# savage 93 .22 Mag



## Mick105 (Jan 6, 2012)

I am sick of trying to find a round for nighttime hunting with a shotgun that is lega in Michigan so now I am looking into buying a rimfire. I like the looks of the Savage 93 .22 Mag but I know nothing about them. I love my savage 12 Ga and heard a lot of good things about savage arms together. What are your thoughts on this model?


----------



## saskredneck (Oct 19, 2010)

i have a lakefield 93 which is basically the same rifle. had it since i was 12. nice dependable rifle, the triggers a little stiff though.


----------



## Scotty D. (Feb 23, 2012)

I have the heavy barrel stainless w/ Accu-trigger...I like it alot.. Had the standard model (blued bbl w/ iron sights), but couldn't get it to group at 100 yds.. Tried w/ every different type of ammo I could find..Sold it...

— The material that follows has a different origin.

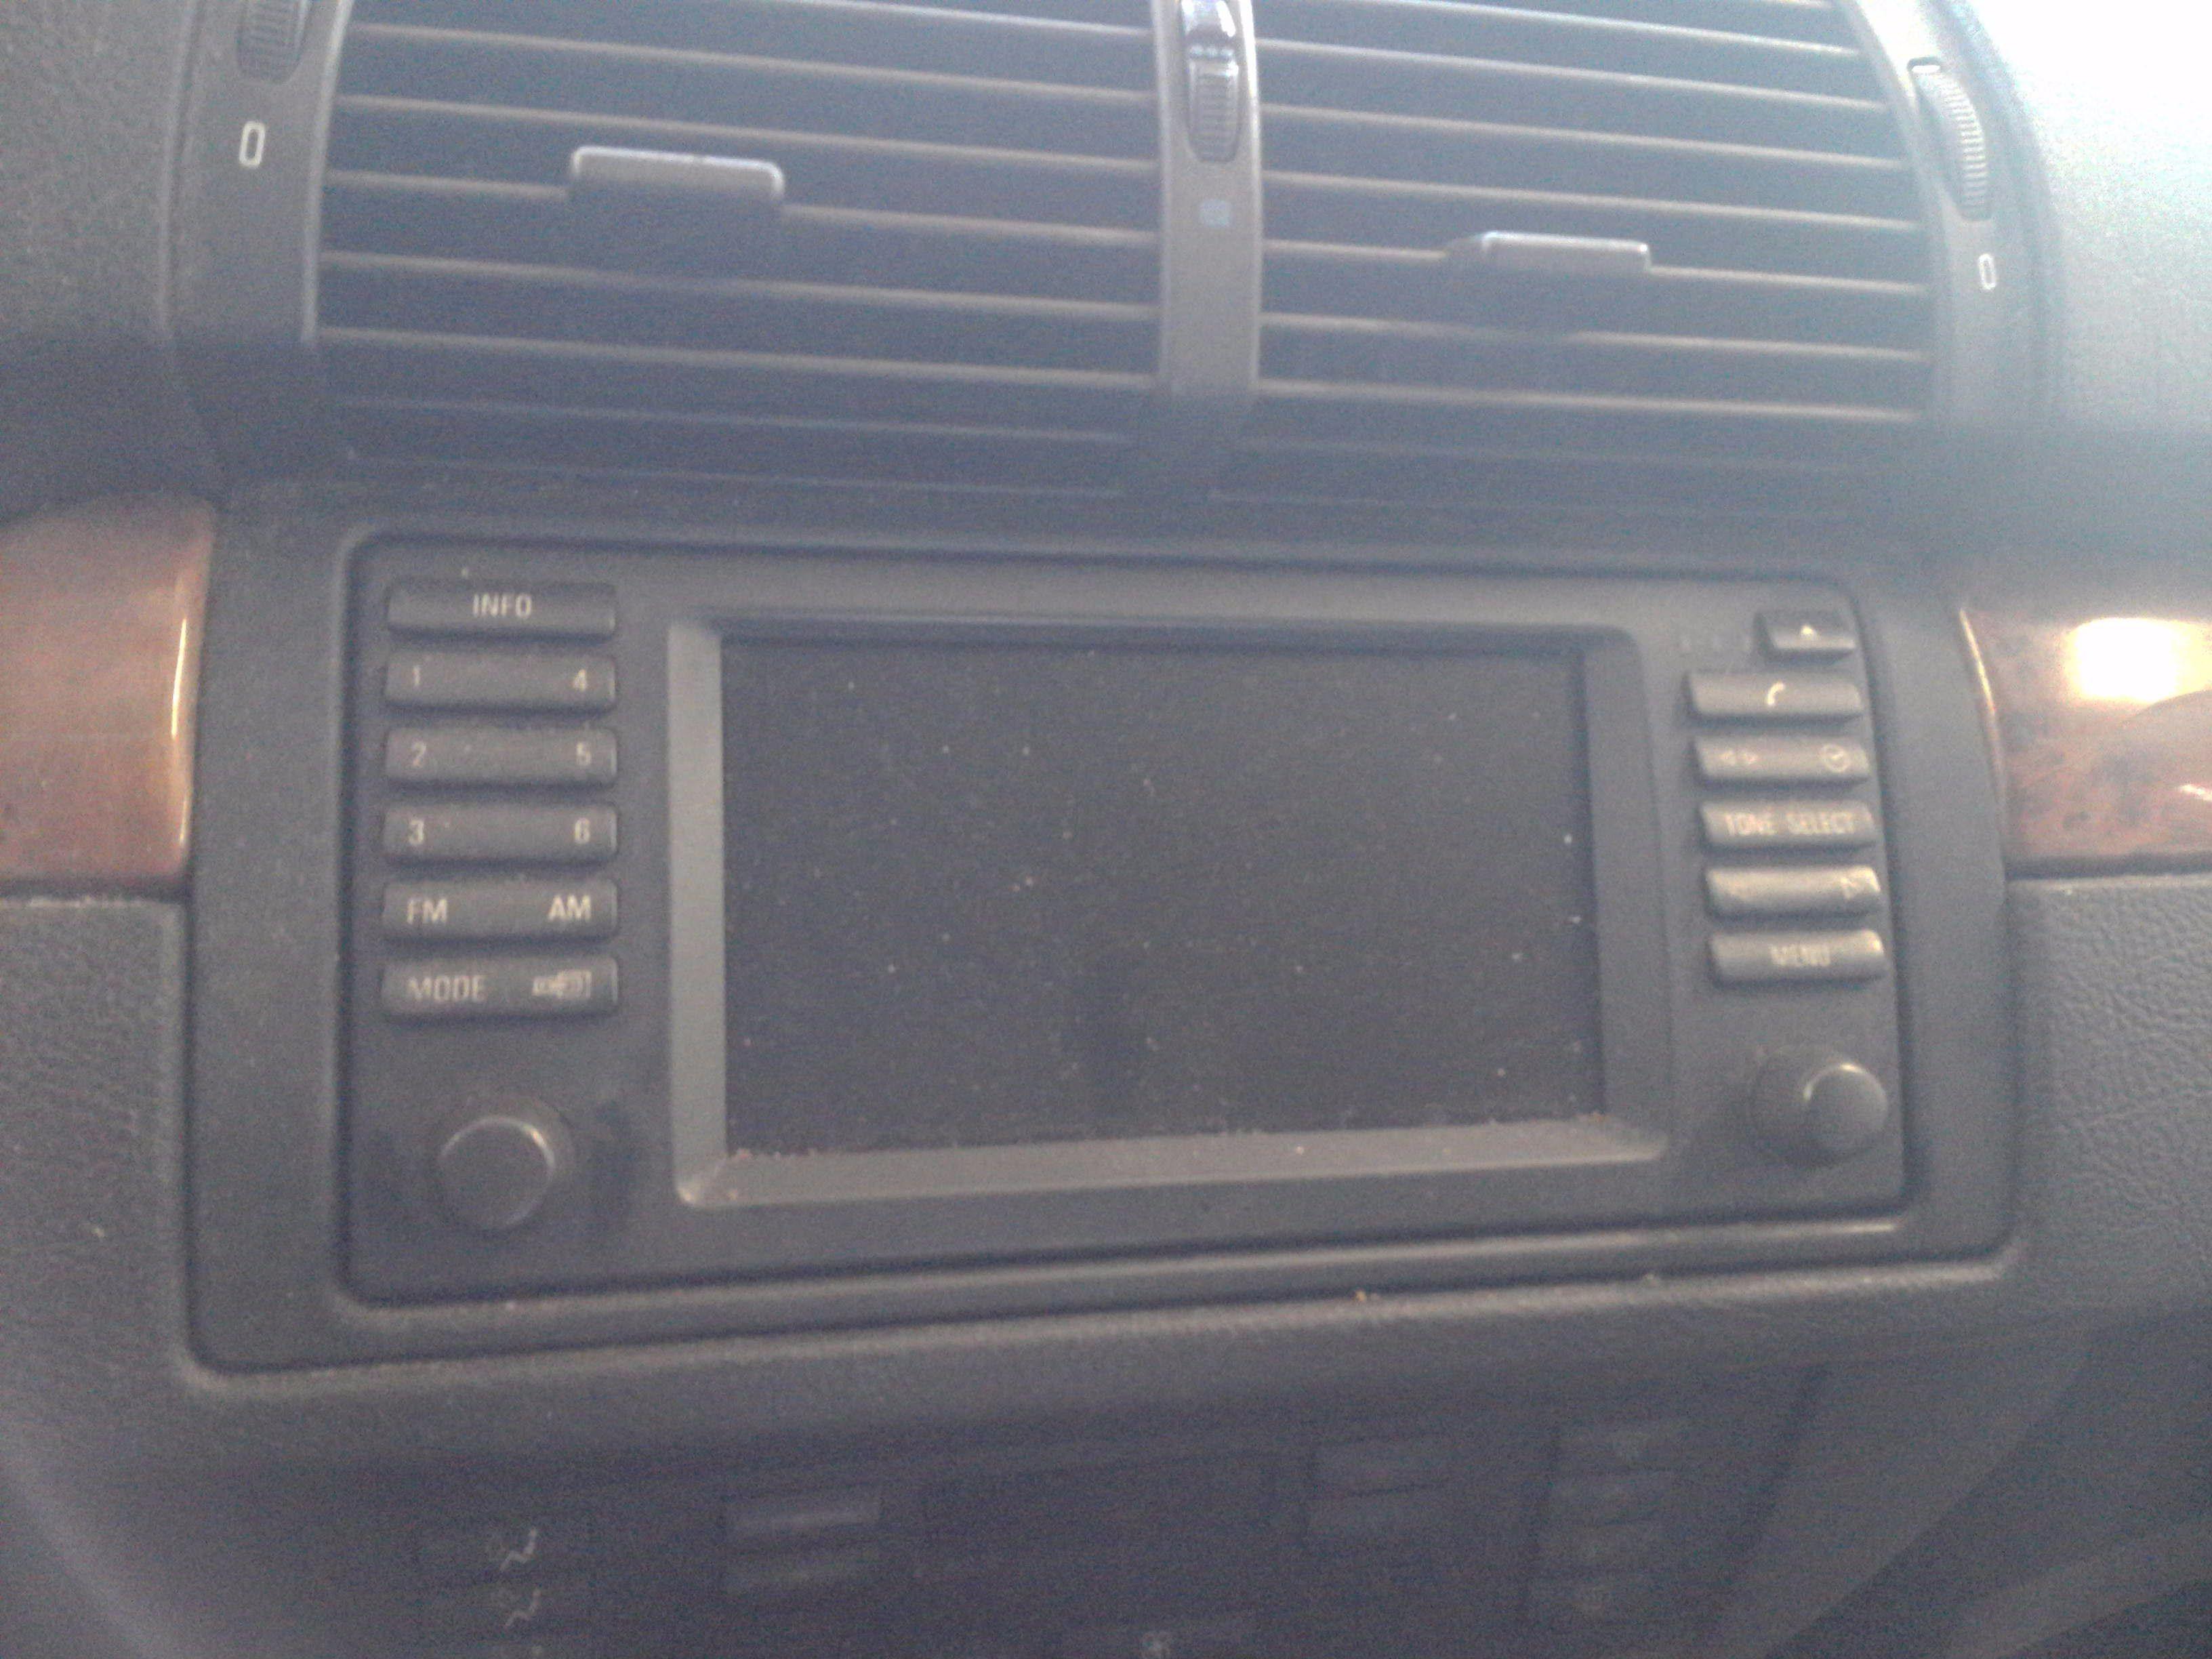 Bmw X5 Stereo Radio Used Auto Parts

I'd still like to get the hvy bbl Marlin .22Mag but the Savage was almost $100 cheaper.


----------



## Mick105 (Jan 6, 2012)

Scotty the price is one of the most appealing aspects to me... The wife gets mad it I spend too much money on my disorder!


----------



## Hortontoter (Apr 27, 2012)

Here in Ohio at Dick's Sporting Goods and Fin Feather and Fur you can buy a Savage 93FXP in .22 Mag or .17 HMR for $249. These guns are non Accu-Trigger but come with a bore sighted 3-9 X 40 Bushnell scope. I bought the .22 Mag last spring and like it. I have the heavy barrel Savage 93 in .17 HMR that has the Accu-Trigger. The Accu-Trigger makes the model 93 much better in my opinion. Both guns shoot 1- 1 1/4" groups at 100 yards though. I would have a hard time choosing which caliber I like best. But the .22 Mag with 30 grain bullets makes the trajectory quite desireable and packs more punch than the .17 HMR. I only wish that I had bought the pencil barrel when I bought the .17HMR. I don't think the heavier barrel is needed on a 150-175 yard gun.


----------



## Mick105 (Jan 6, 2012)

bass pro has one listed for 240 if i remember correctly and it has the accu-trigger... not sure about the barrel tough. I would have to look it up. I think I will get it just wanted to see if there were any negative reviews or cons for it.


----------



## Rick Howard (Feb 25, 2012)

I have the 93. It groups great at 50 yards. I only took 3 shots at 100 but they were around an inch. Shooting 30gr vmax.


----------



## Mick105 (Jan 6, 2012)

itzDirty do you have the bull barrel???


----------



## Rick Howard (Feb 25, 2012)

Forgive me but, I am not sure.... It is pretty thick.... It is blued also. Does that help?


----------



## Mick105 (Jan 6, 2012)

sounds like a bull to me... helpful enough to talk me into it!


----------



## Scotty D. (Feb 23, 2012)

I think it's a wise move to spend the extra $$ for the heavy barrel & Accu-trigger, Mick.. :teeth:


----------



## Mick105 (Jan 6, 2012)

Yeah I'm thinking the same thing!


----------



## saskredneck (Oct 19, 2010)

I'm not a heavy barrell fan myself. They tend to get heavy quicker on a long walk.


----------



## Savagenut15068 (Jan 2, 2013)

The Savage rimfire rifles are every bit as accurate and dependable as their centerfire rifles. I am a gunsmith by trade and I can tell you that Savage is hard to beat at about any price point. The rimfire rifles , as is typical with most rimfire rifles , like to shoot dirty. They can take 50 to 200 rounds to settle down when they are new and I personally shoot Centurion Ammo out of my 22lr.


----------



## blackgunsalute (May 1, 2012)

I own the Savage 93 in a 17 and 22 mag both with heavy barrels and I think they are a great hunting tool. I have a buddy that does guided hunts in TX that only uses a 17HMR for all his cat,dillo,hog ect. hunts. He says it makes it more interesting.. LOL


----------